This will not be Pine’s first visit here, having graced the Red Sea Jazz Festival stage in Eilat three times since 1989, and he has appeared at other major musical events around the country over the years. But one thing’s for certain, Israeli audiences always get something new from Pine.

“I am always learning and always looking for the next thing,” says the 48-year-old British multiinstrumentalist.

Pine’s discography certainly bears out that envelope-pushing ethos.

Since his debut album Journey to the Urge Within came out in 1987, he has taken umpteen artistic twists and turns. The latest offering from his ever-evolving discography, Europa, reflects Pine’s ability to surprise and will form the kernel of his Tel Aviv concerts on May 5 and 6.

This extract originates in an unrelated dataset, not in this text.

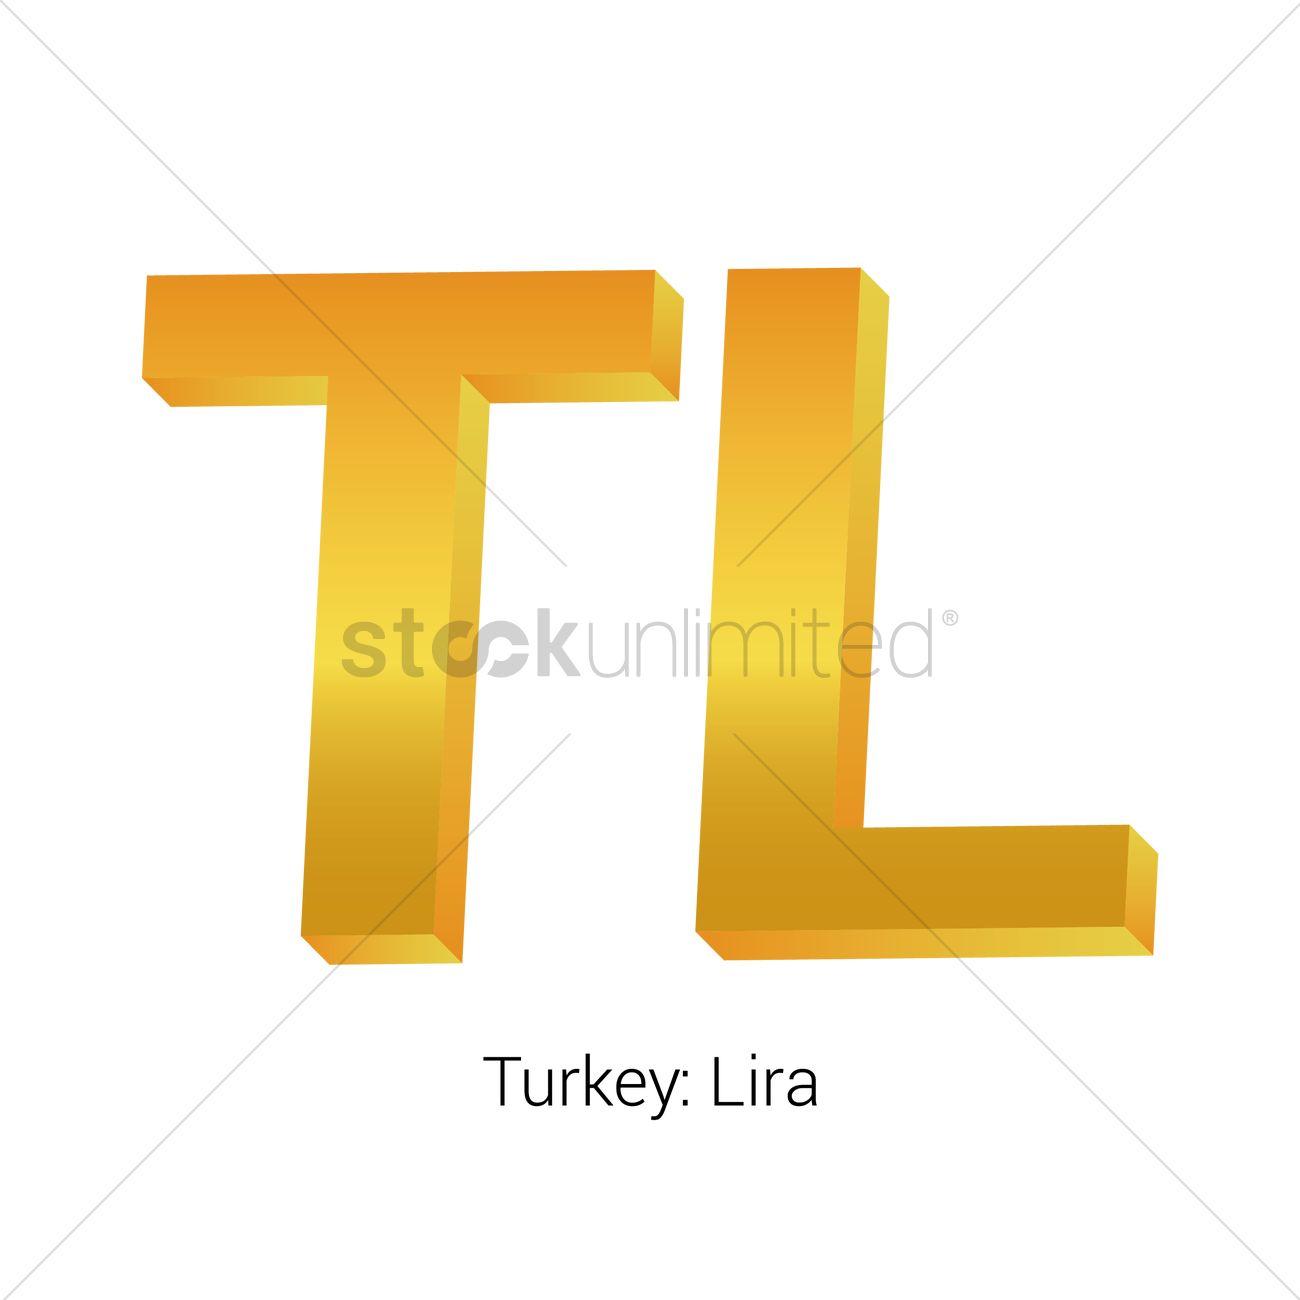 Lira currency symbol vector image 1821566 stockunlimited lira currency symbol vector graphic buycottarizona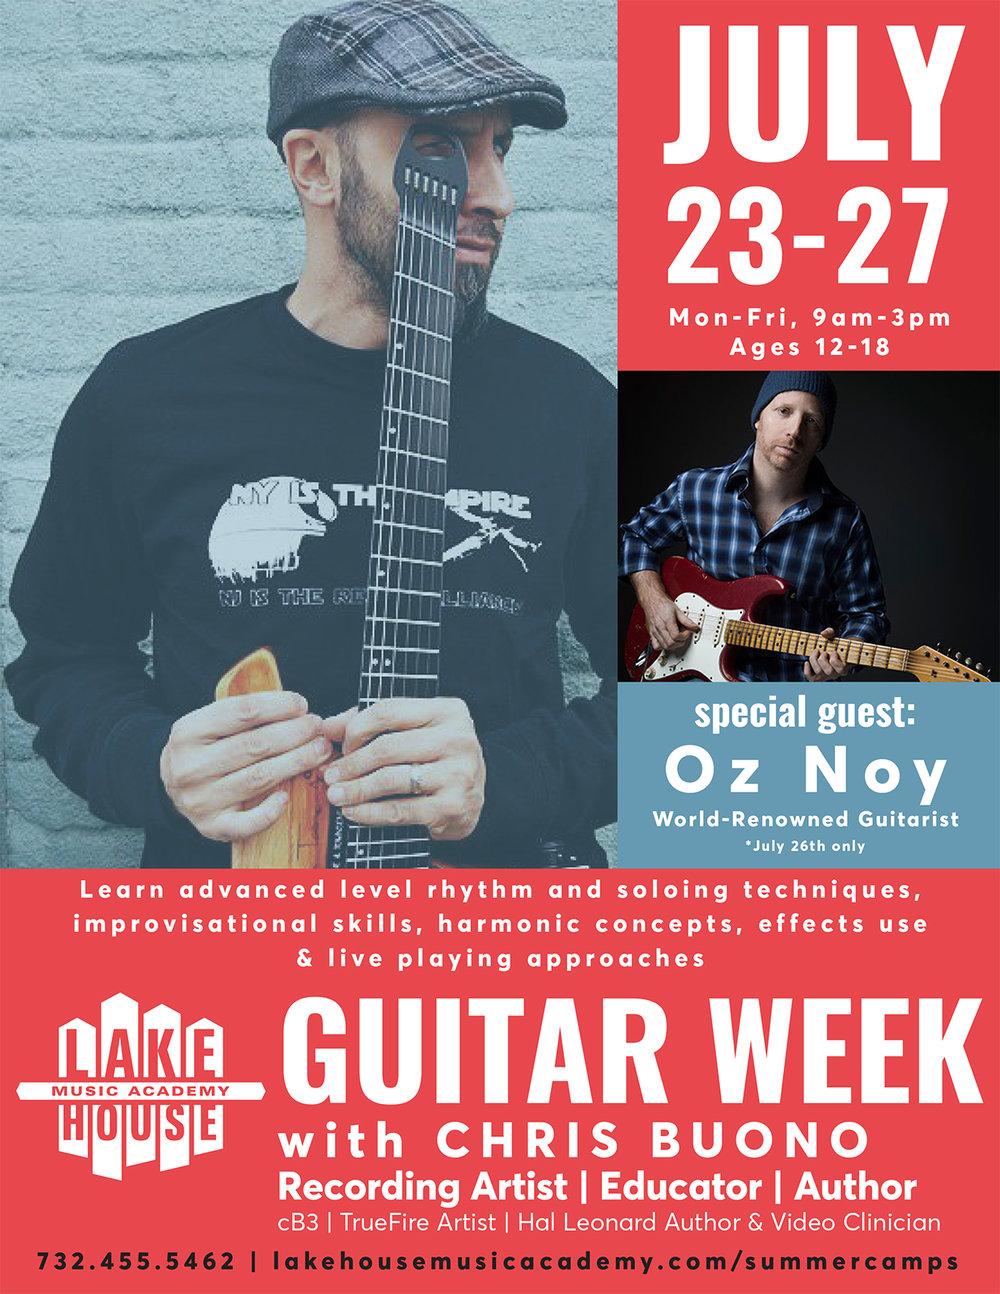 guitarweek_promo_buono_final.jpg

Europa is built on Pine’s bass clarinet playing and traverses a very wide swath of genres, textures, cultural roots and colors. There are all manner of musical footprints in there, from mainstream jazz to klezmer and Celtic sounds to lines that sound like they were plucked straight out of the Middle East. With 13 albums under his belt to date that cut through bebop to reggae to hip hop and much betwixt, and another very different one just starting to emerge from the ephemeral stage, Pine says that, in fact, he always had a good idea of what he’d be doing all these years down the road.

“I’ve had something like a template [of future musical projects] for a long time,” he says. “When I was in school, I wrote down album contents. If you look at the back of my school books you’ll see album ideas. So I always had these things in mind. When I did my first album for Island Records, I had three or four lined up. It was just a matter of when can I record this one or that.”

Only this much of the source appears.